Building the 2018 Ibrahim Index of African Governance: methodology explained
10 October, 2018
The 2018 Ibrahim Index of African Governance (IIAG) is the 12th iteration of this Index, and is the most comprehensive annual statistical assessment of the quality of governance in 54 African countries across the framework of the Index. So how is it built?
The journey of a data point
Collection and variables selection
The Mo Ibrahim Foundation is not a primary data provider: the data used to calculate the IIAG is exclusively provided by external sources. In the 2018 IIAG, data come from 35 international sources such as UN agencies, the World Bank and African Development Bank, but also data projects (e.g. Armed Conflict Location & Events Data Project) and surveys (e.g. Afrobarometer).

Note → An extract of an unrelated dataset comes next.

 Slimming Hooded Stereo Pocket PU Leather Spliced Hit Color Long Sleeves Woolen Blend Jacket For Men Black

To ensure the Index is statistically robust and comparable between countries, the data are required to meet a number of criteria:
- be a suitable proxy for governance
- cover at least 33 African countries
- provide at least two years’ worth of data for these countries since 2008
- the latest data point can be no more than three years old.

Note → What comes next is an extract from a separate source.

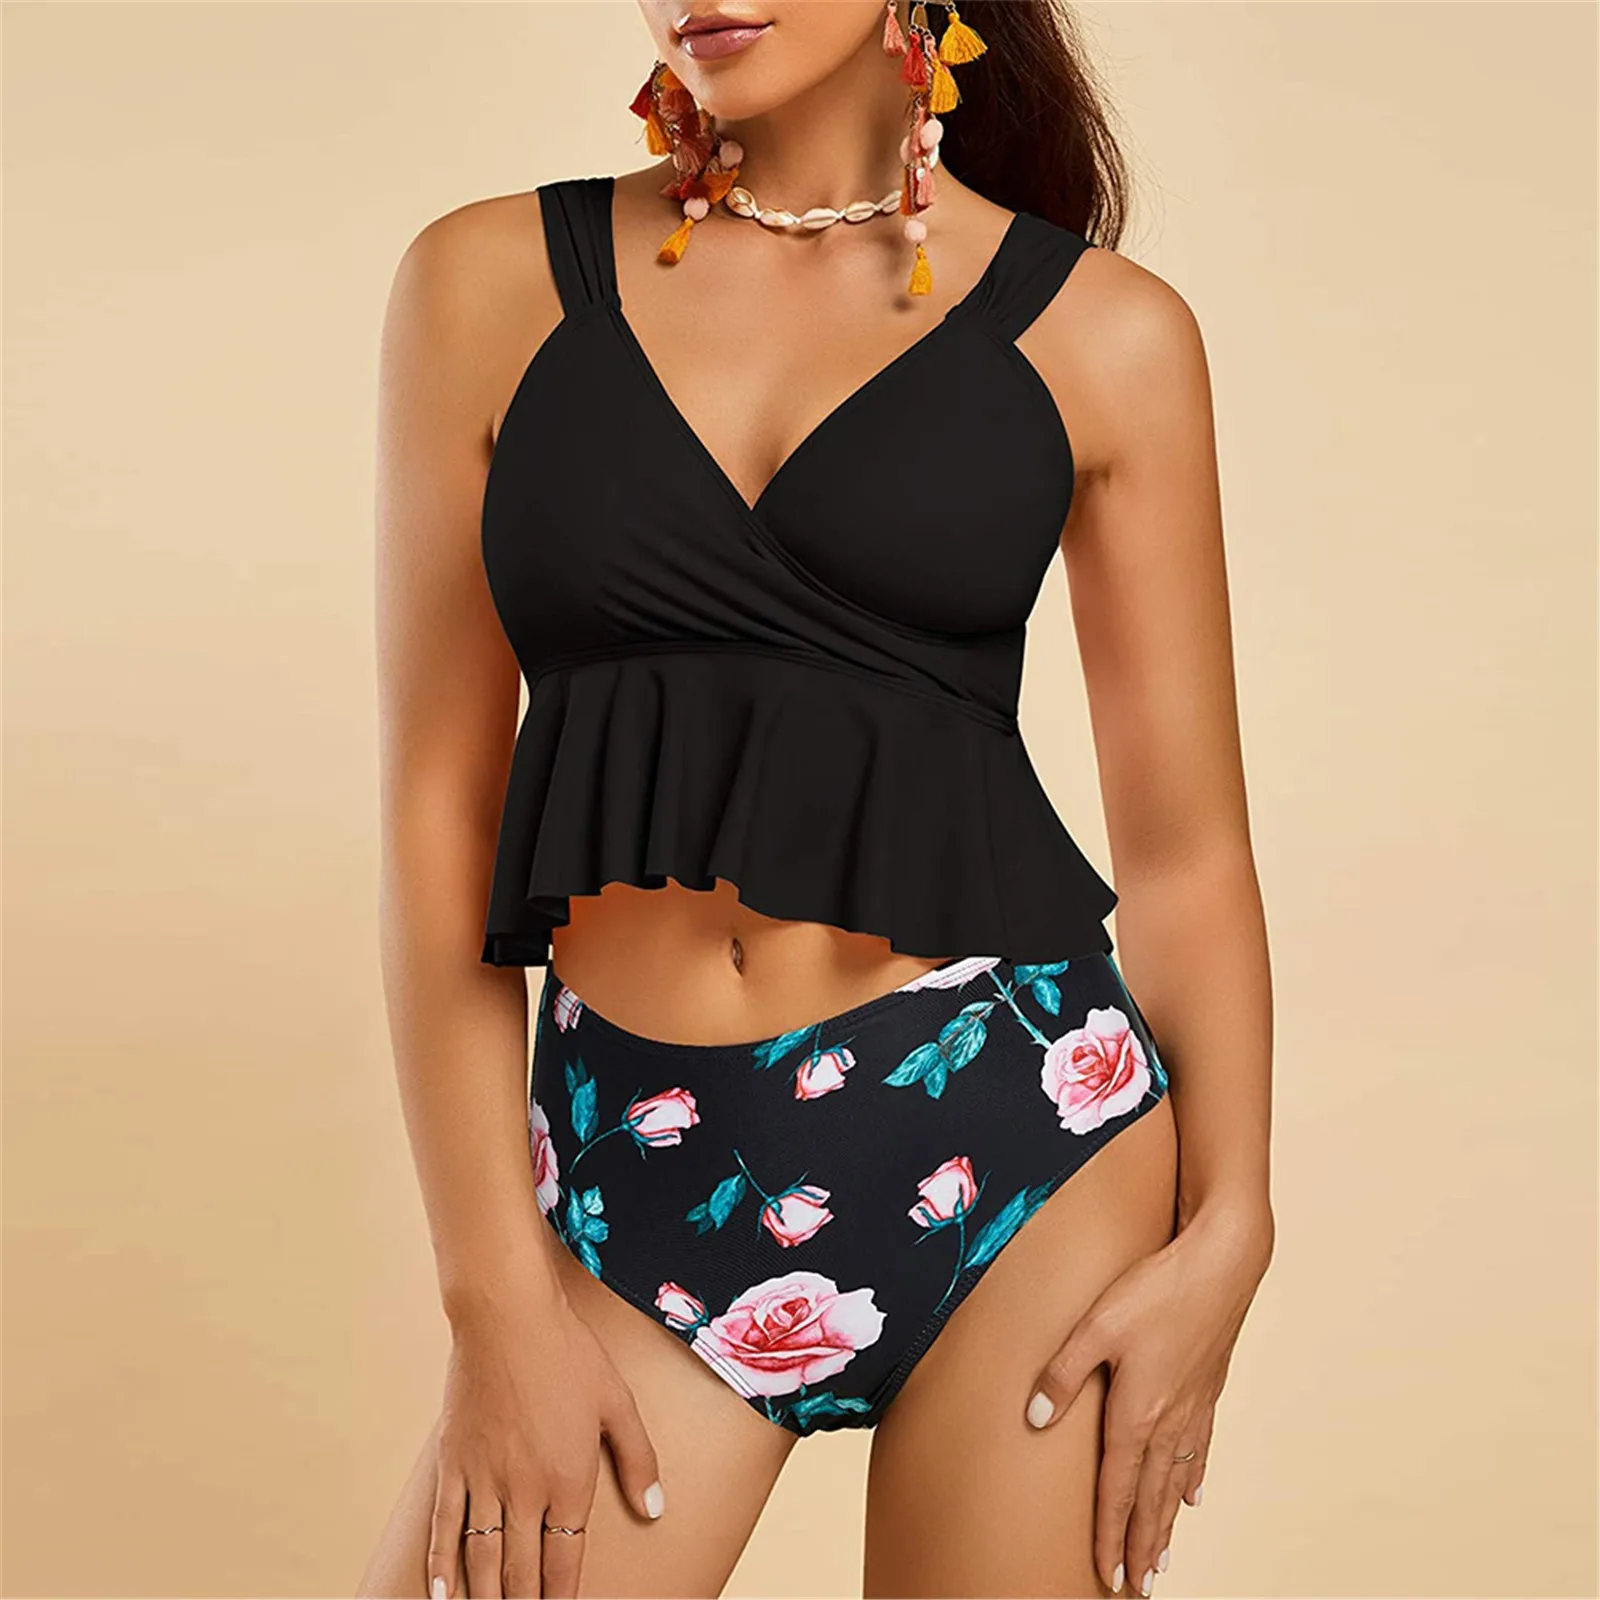 Women V-neck Split High Waist Bikini Ruffle Swimsuit Leaf Print Swimsuit Brazilian Summer Beach Bathing Suit Swim Wear 2pcs Sets cute swimsuits

Moreover, to differentiate between scores, numerical granularity is taken into consideration, with all the variables selected being on a four-point scale or more.
Data treatment
Outliers
Some variables might include values that lie outside from the mass of the rest of the distribution – called outliers. Including these extreme observations in the IIAG would bias variable scores and mean that after normalisation the range would be skewed, making comparisons between most of the country scores difficult. To prevent this, the raw data is analysed to determine whether any of the variables require treatment to address outliers.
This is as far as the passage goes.